__PROBLEM__
Recreate the listing that follows line for line, without pictures.

__SUPPLIED INFORMATION__
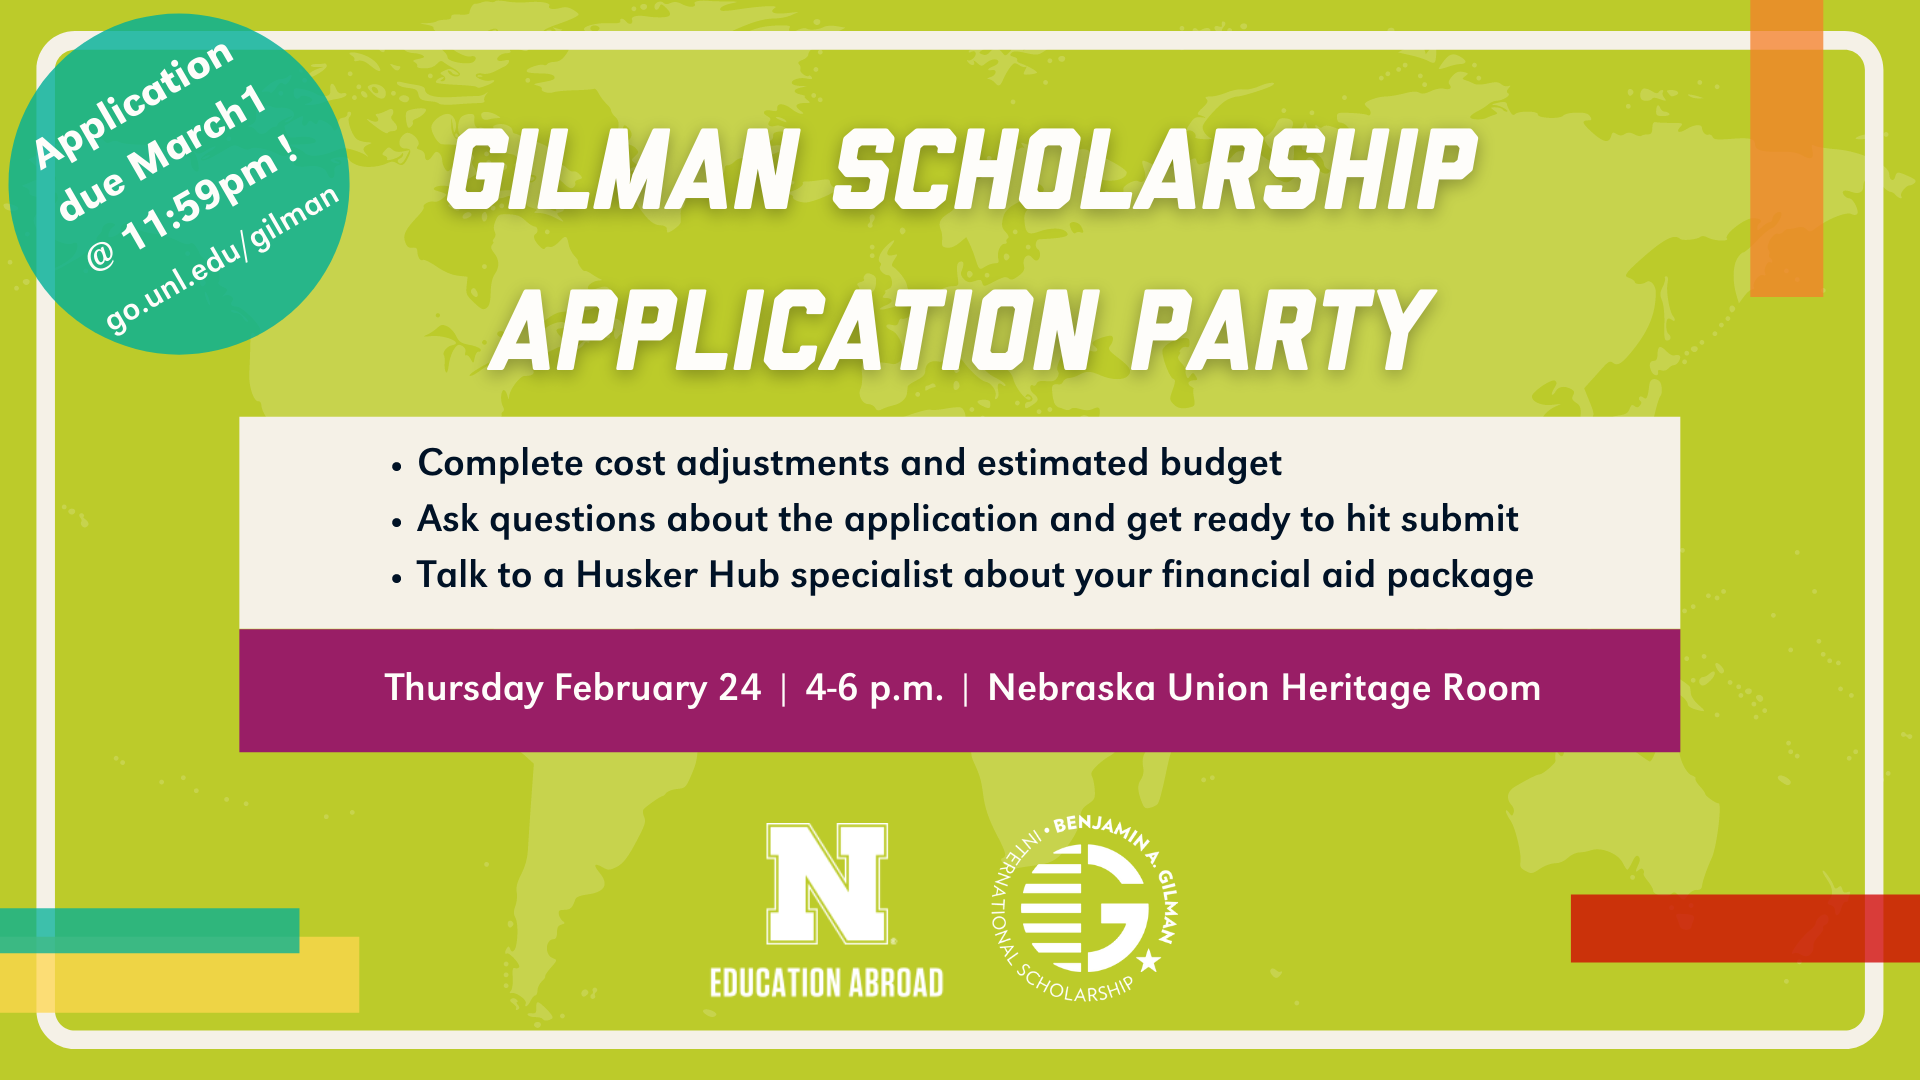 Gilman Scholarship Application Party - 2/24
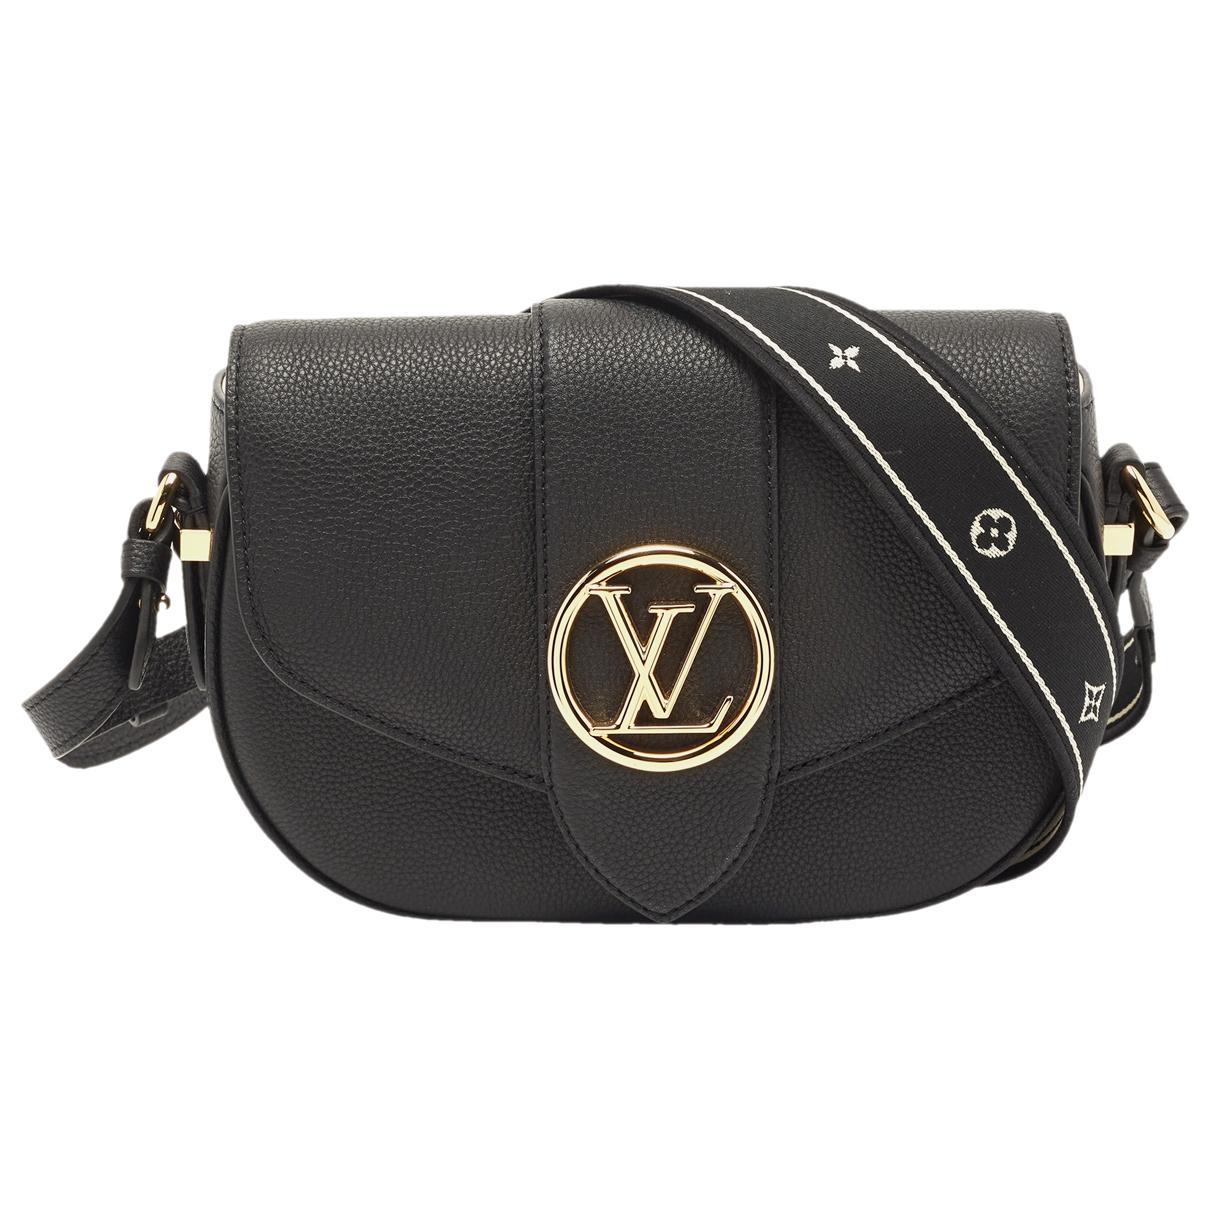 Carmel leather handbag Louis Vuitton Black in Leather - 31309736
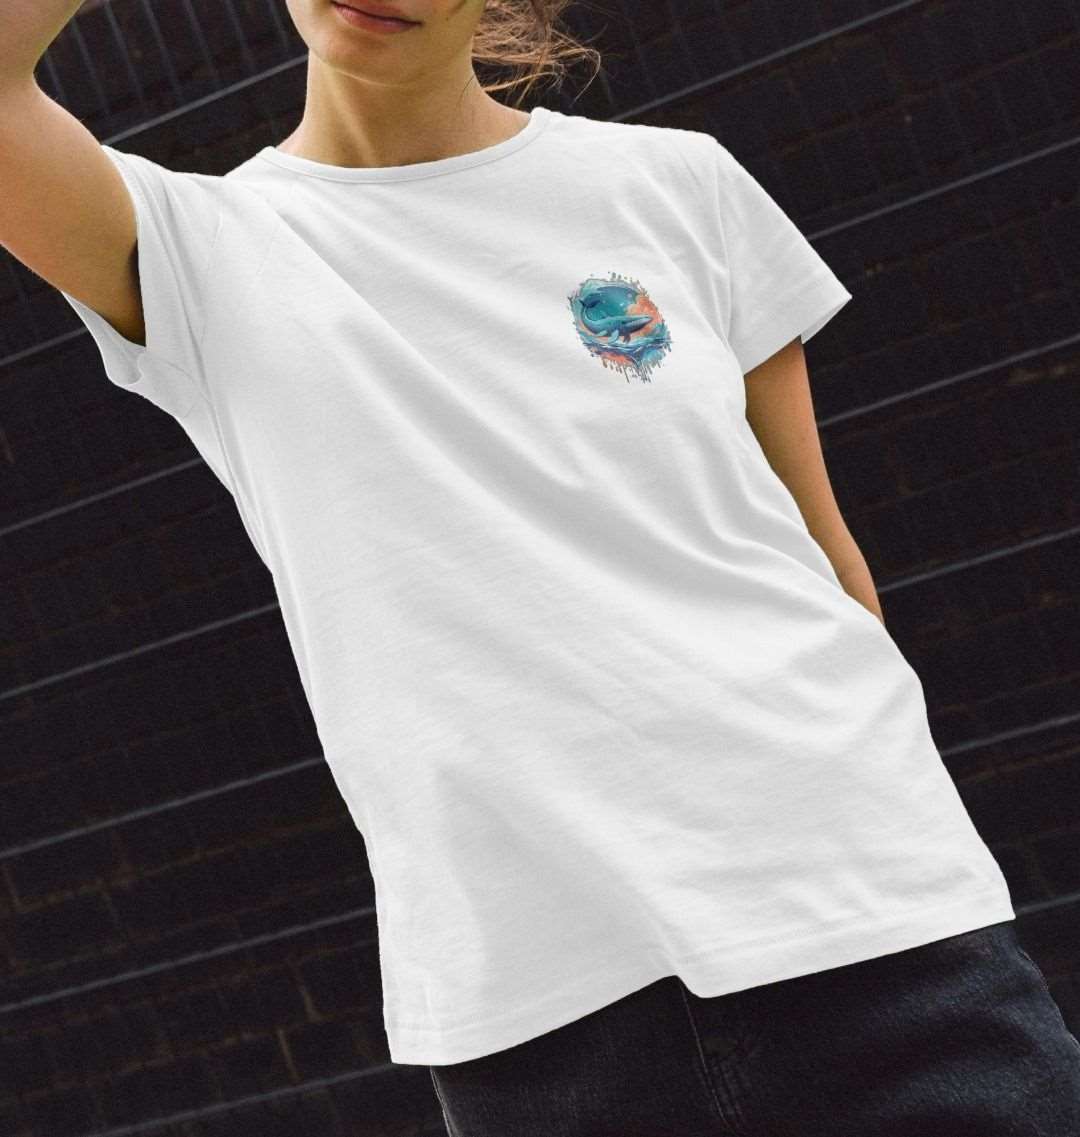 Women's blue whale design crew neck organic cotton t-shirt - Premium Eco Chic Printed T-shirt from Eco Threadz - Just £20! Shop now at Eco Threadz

__EXERCISE ANSWER__
 Gilman Scholarship Application Party - 2/24
 Carmel leather handbag Louis Vuitton Black in Leather - 31309736
 Women's blue whale design crew neck organic cotton t-shirt - Premium Eco Chic Printed T-shirt from Eco Threadz - Just £20! Shop now at Eco Threadz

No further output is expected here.